Two types of varnish are available, namely simple solutions of polymer in solvent and light-curable low viscosity monomer.

There is evidence that the light-curable varnishes give superior protection in preventing drying out [ 25 ], because the lack of solvent means that the film formed has no porosities in it through which water can still escape. The physical properties of glass-ionomer cements are influenced by how the cement is prepared, including its powder: Care is needed therefore in making generalisations about the properties of these materials.

There is also the possibility that part of the success of glass-ionomers may arise because their performance is satisfactory even if they have not been properly mixed, or allowed to mature under ideal conditions.
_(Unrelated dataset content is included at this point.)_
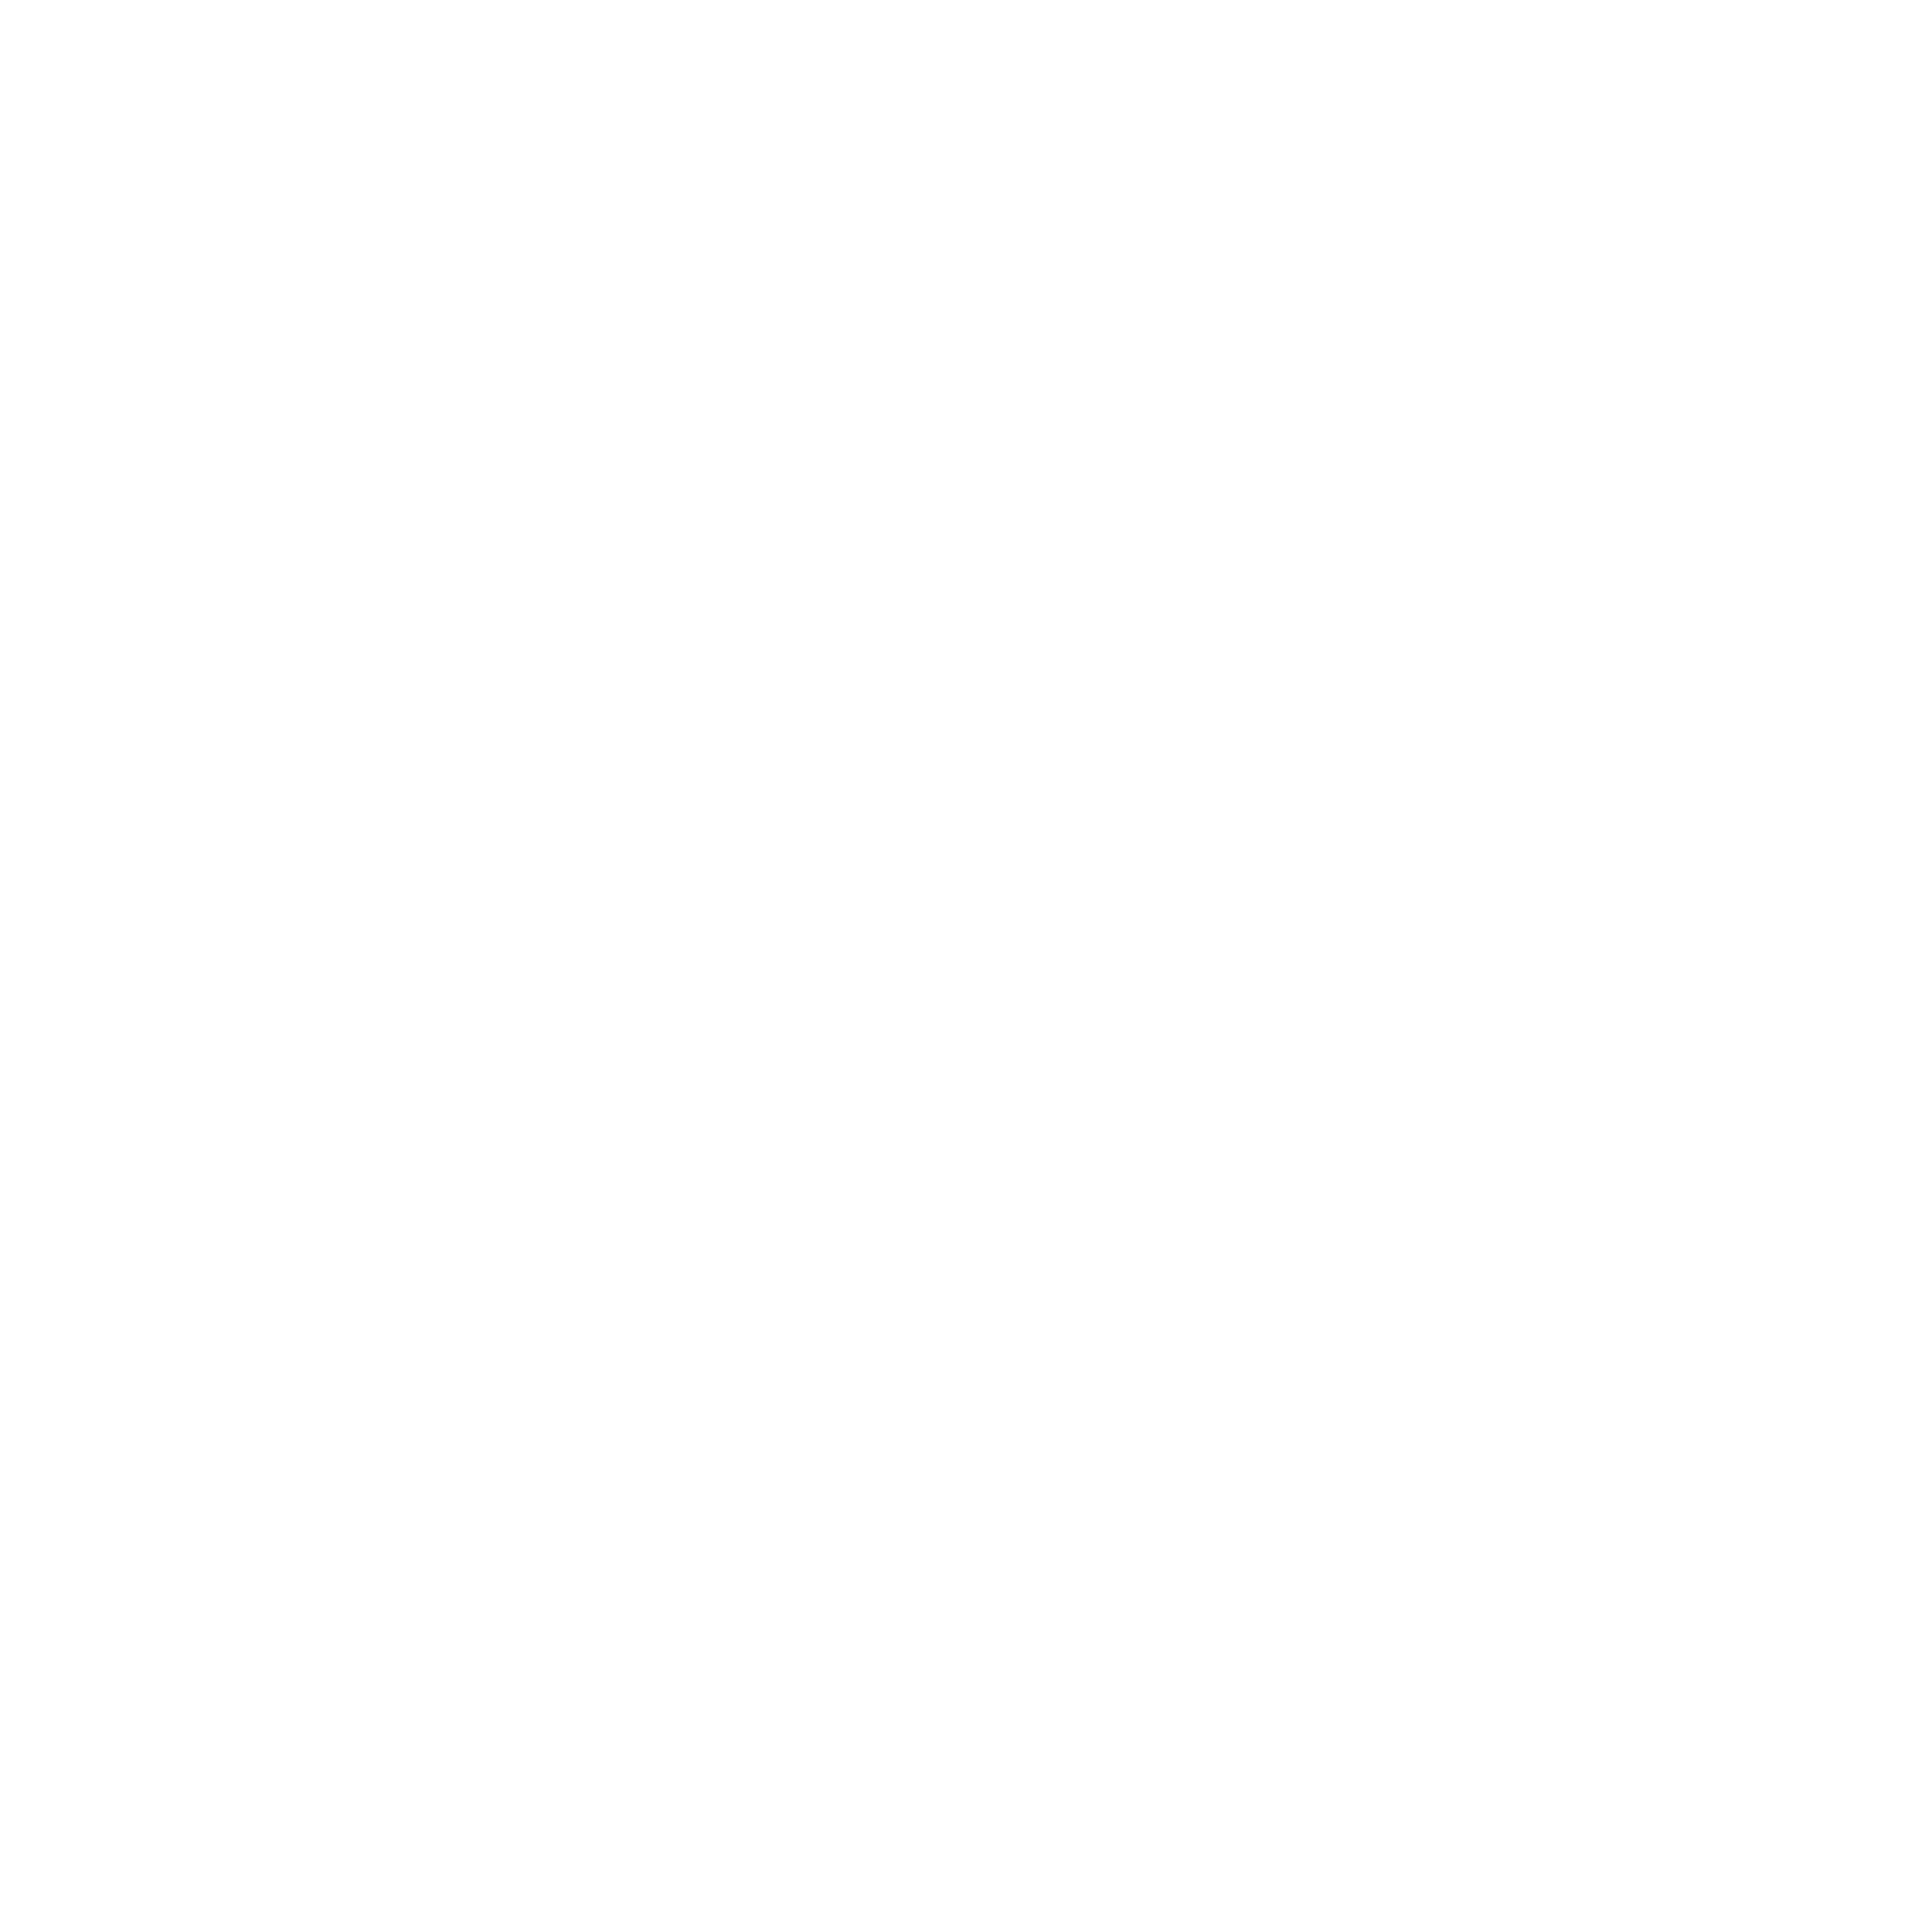 methode-brigitte-kettner-logo-black-and-white

The current ISO standard for glass-ionomers [ 3 ] gives minimum values for certain physical properties. These values, which are shown in Table 3are the least acceptable for a material to be allowed onto the market, rather than typical for materials known to perform well clinically. The only type of strength that the ISO standard deals with is compressive strength, but glass-ionomers also have reasonable flexural strength [ 1 ].

Their biaxial flexure [ 26 ] and their shear punch strengths [ 27 ] have also been determined.